I have been working as a patient advocate, peer helper, treatment literacy trainer and policy advocate in the HIV/AIDS field for more than a decade now. HIV is no longer looked at as a standalone illness, instead we talk about a syndemic that is described as the combination and concurrent appearance of HIV, hepatitis C (HCV), substance use (which is now also considered a mental illness and a complication of depression), and tuberculosis. Various settings in the world see different combinations of these illnesses, and there are different configurations or patterns of how these illnesses affect key populations, depending on the social, political, and cultural landscapes. There are few illnesses that are as situational and socially determined as HIV and concurrent conditions.
My involvement as a person living with HIV, depression, and formerly also HCV is deeply personal. For years I was wondering how it could happen that I, a white, middle-class, relatively wealthy, educated gay man had not had sufficient information and care to prevent these infections (and subsequent depression) from happening to me? Why wasn’t there enough information? Why does it keep happening in my region? Why are infection rates consistently higher in Eastern Europe in all affected populations than elsewhere? My decision and commitment to work as a patient advocate started from this stance: I want to tell two things to my peers. One is that HIV and HCV are preventable illnesses. The other is that HCV can be cured if there is access to good quality and affordable medication, and that there is such a thing as a liveable life with HIV.
This is an increasingly difficult task in Central and Eastern Europe and Central Asia. These regions are currently the places where the HIV and HCV epidemics are rampant—in many cases the situation in Eastern Europe is much worse than it was on the African continent 20 years ago. People keep dying of AIDS and tuberculosis—both preventable causes of death. Stigma and discrimination against HIV are aggravated by layered stigma against key populations like substance users, men who have sex with men, or sex workers of all genders. While there is compelling scientific evidence that treatment of HIV is prevention, and while HCV has become completely curable in up to 96% of the cases, access to life saving medicine and curative interventions are missing or impossibly difficult to reach in several countries of the region, including Russia or Ukraine.
Advocacy around access to treatment, human rights, and for access to affordable medicines is essential.

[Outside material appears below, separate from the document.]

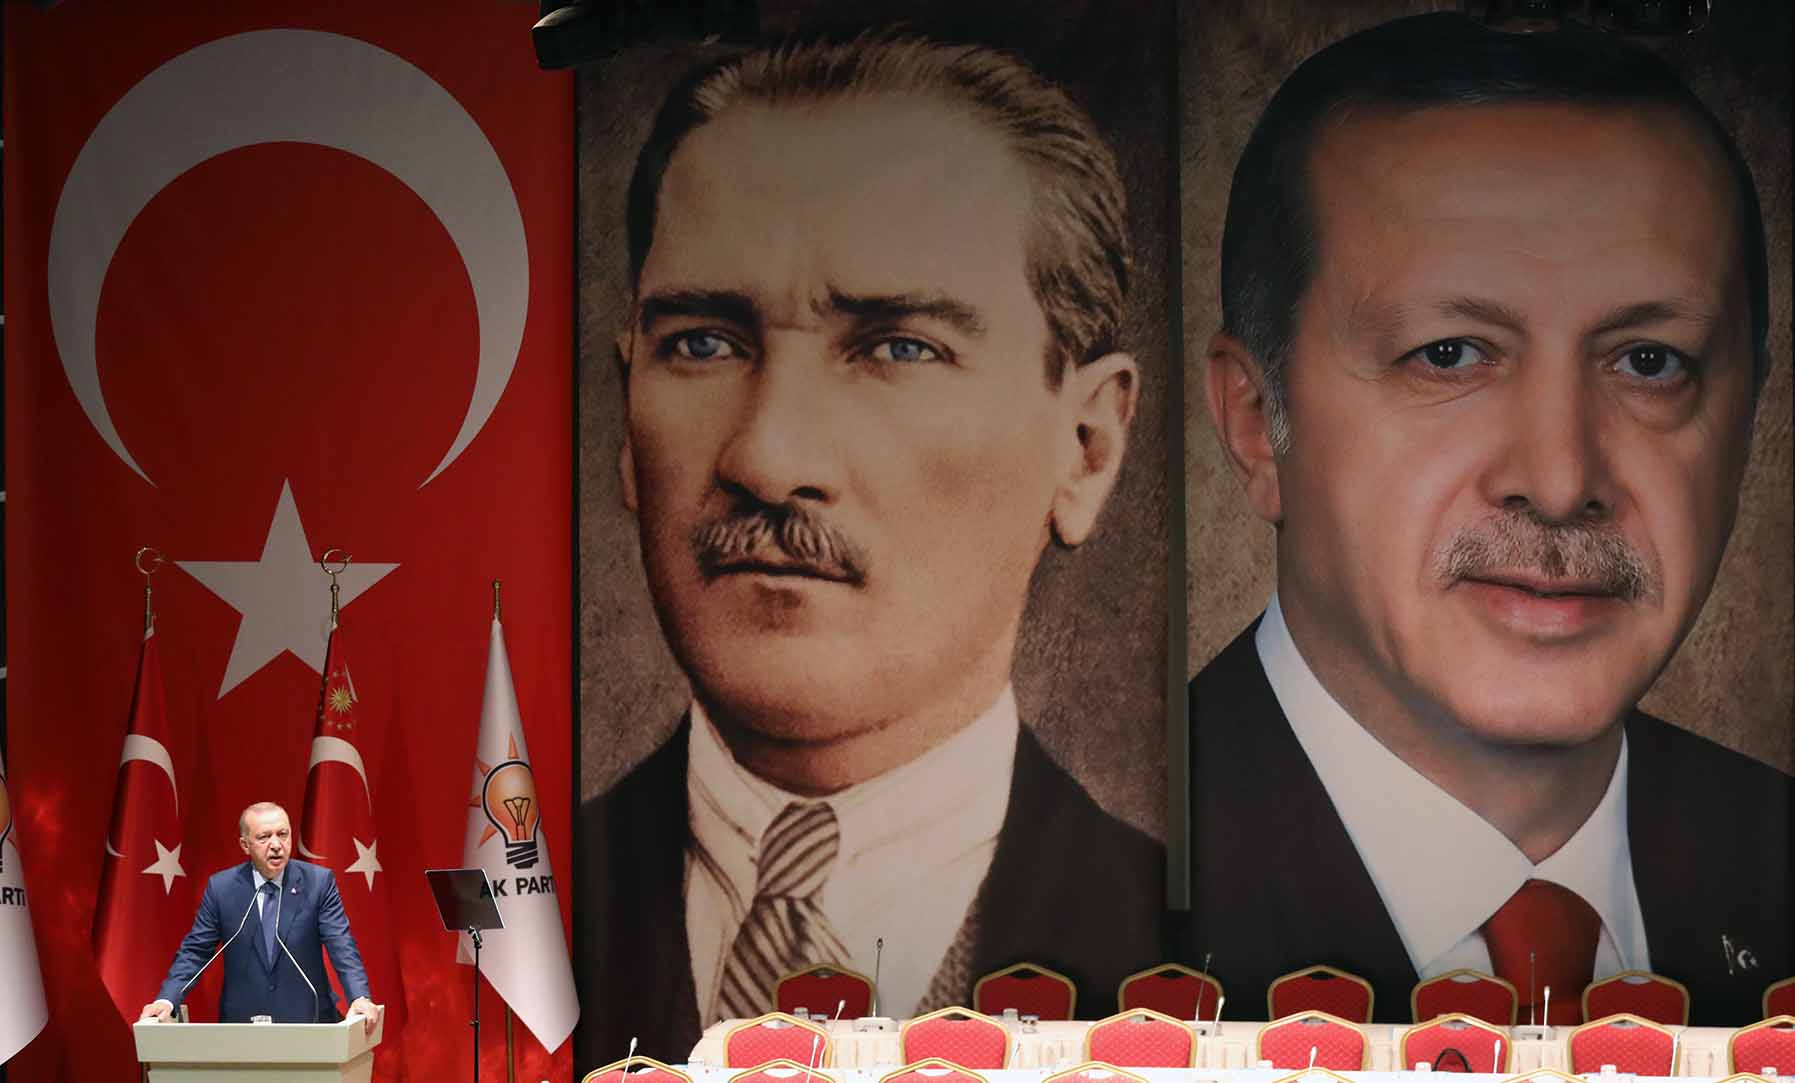 politica-exterior-turca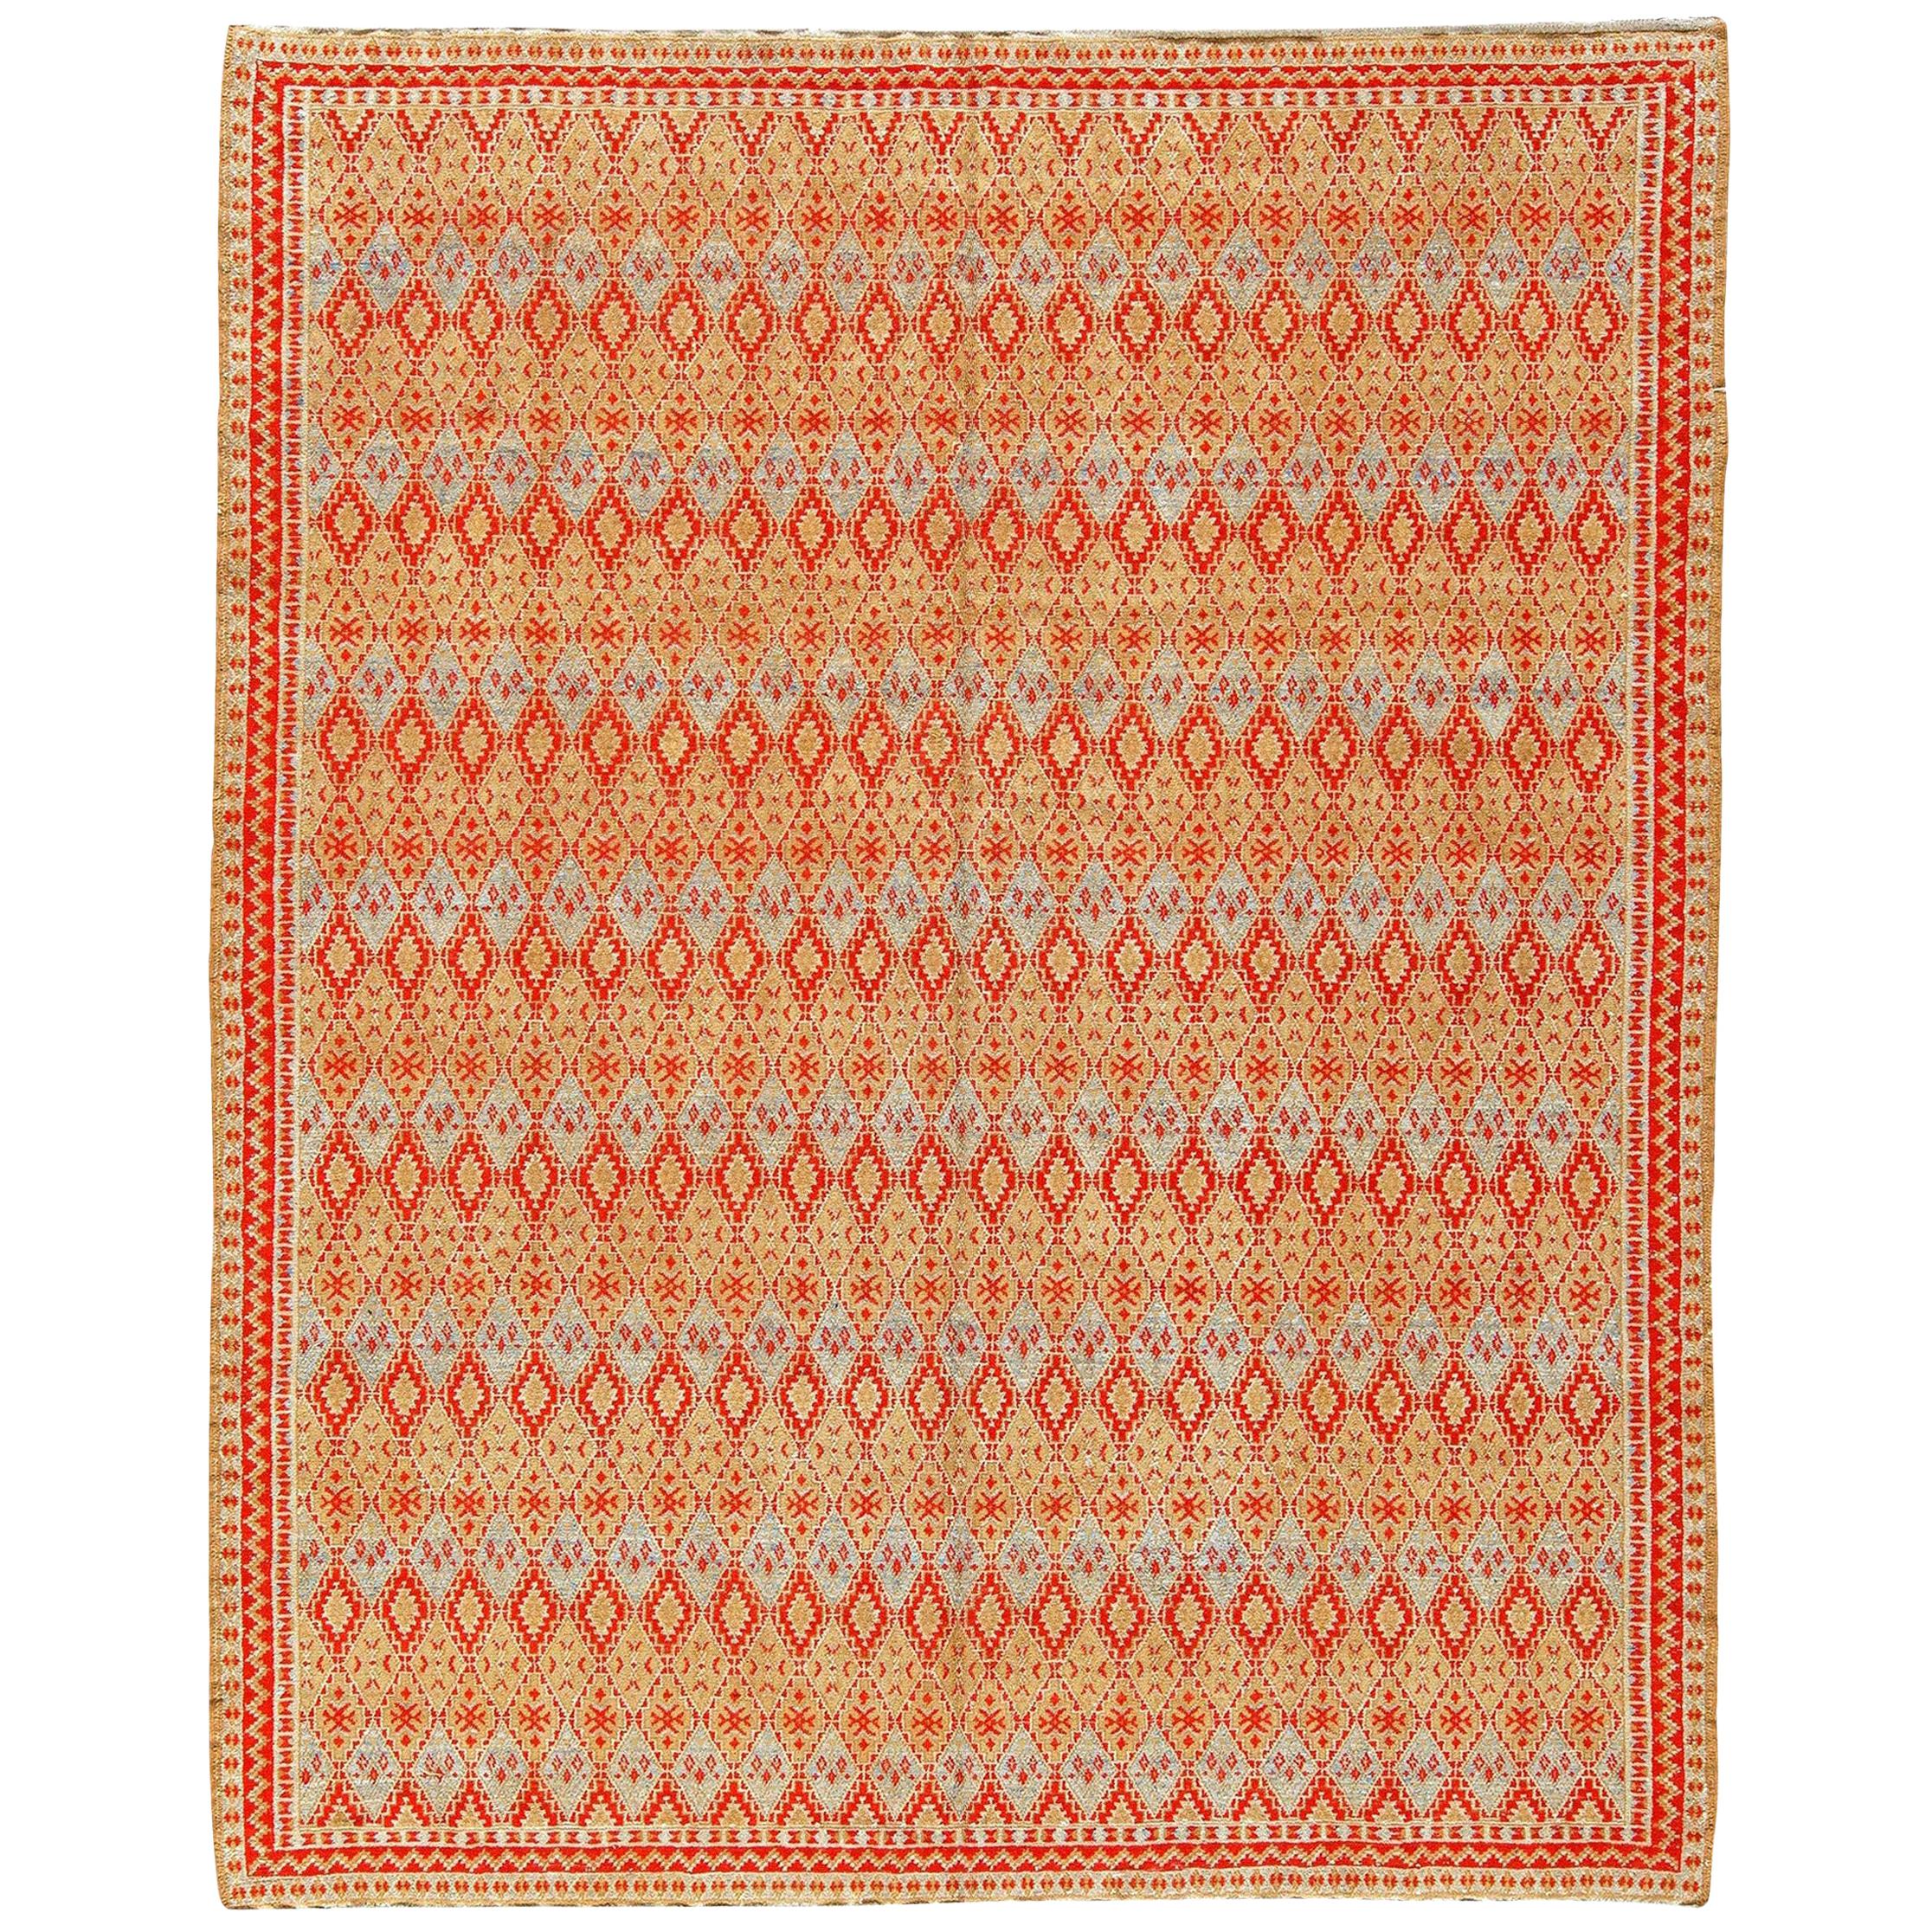 Mid-20th Century Tribal Moroccan Handmade Wool Rug by Doris Leslie Blau

For example, generic drugs saved South Africa from an even bigger devastation by HIV in the nineties, however, the same generic medicines remain unavailable or inexplicably expensive in Eastern Europe. And the patient community is often weak, impoverished, and disadvantaged. Where patient advocacy can play a massive role is through education, outreach, and direct, hands-on activism such as obtaining pharmaceuticals for patients who are in need.
The HIV community has been one of the leaders and inventors of patient activism globally. Aptly documented by Epstein [1], Patton [2] or even our fellow patient author Matthias Wienold, this movement now embodies the genes of patient activism and advocacy from violent street protest against the death of thousands of AIDS patients to high level diplomacy with the leaders of the UN. However, this knowledge is worthless unless we can spread it to other patient communities and the civil society at large. This may be even more difficult in settings that, for historical reasons, have a weaker civil sector than in Western Europe or the United States.
As a member of and contributor to the European AIDS Treatment Group, I am in a privileged position to access first-hand information and to tap into the resources and knowledge accumulated by the global HIV movement. I want to make sure that I can use these resources to help my less privileged peers, but also to help others in the prevention of HIV, HCV, and tuberculosis.
Tamás Bereczky is a gay, HIV positive father living in Budapest, Hungary. A linguist and social psychologist by profession, Tamás currently works as the communications officer of EATG, the largest network of individuals living with HIV in Europe. His latest project is the “Other 364 Days When It’s Not World AIDS Day” video blog.
Competing interests: None declared.
[1] Epstein, S. (1995) ‘The construction of lay expertise: AIDS activism and the forging of credibility in the reform of clinical trials’, Science, Technology & Human Values, 20(4), pp. 408–437. doi: 10.1177/016224399502000402.
[2] Patton, C. (1991) Inventing AIDS. London, United Kingdom: Routledge.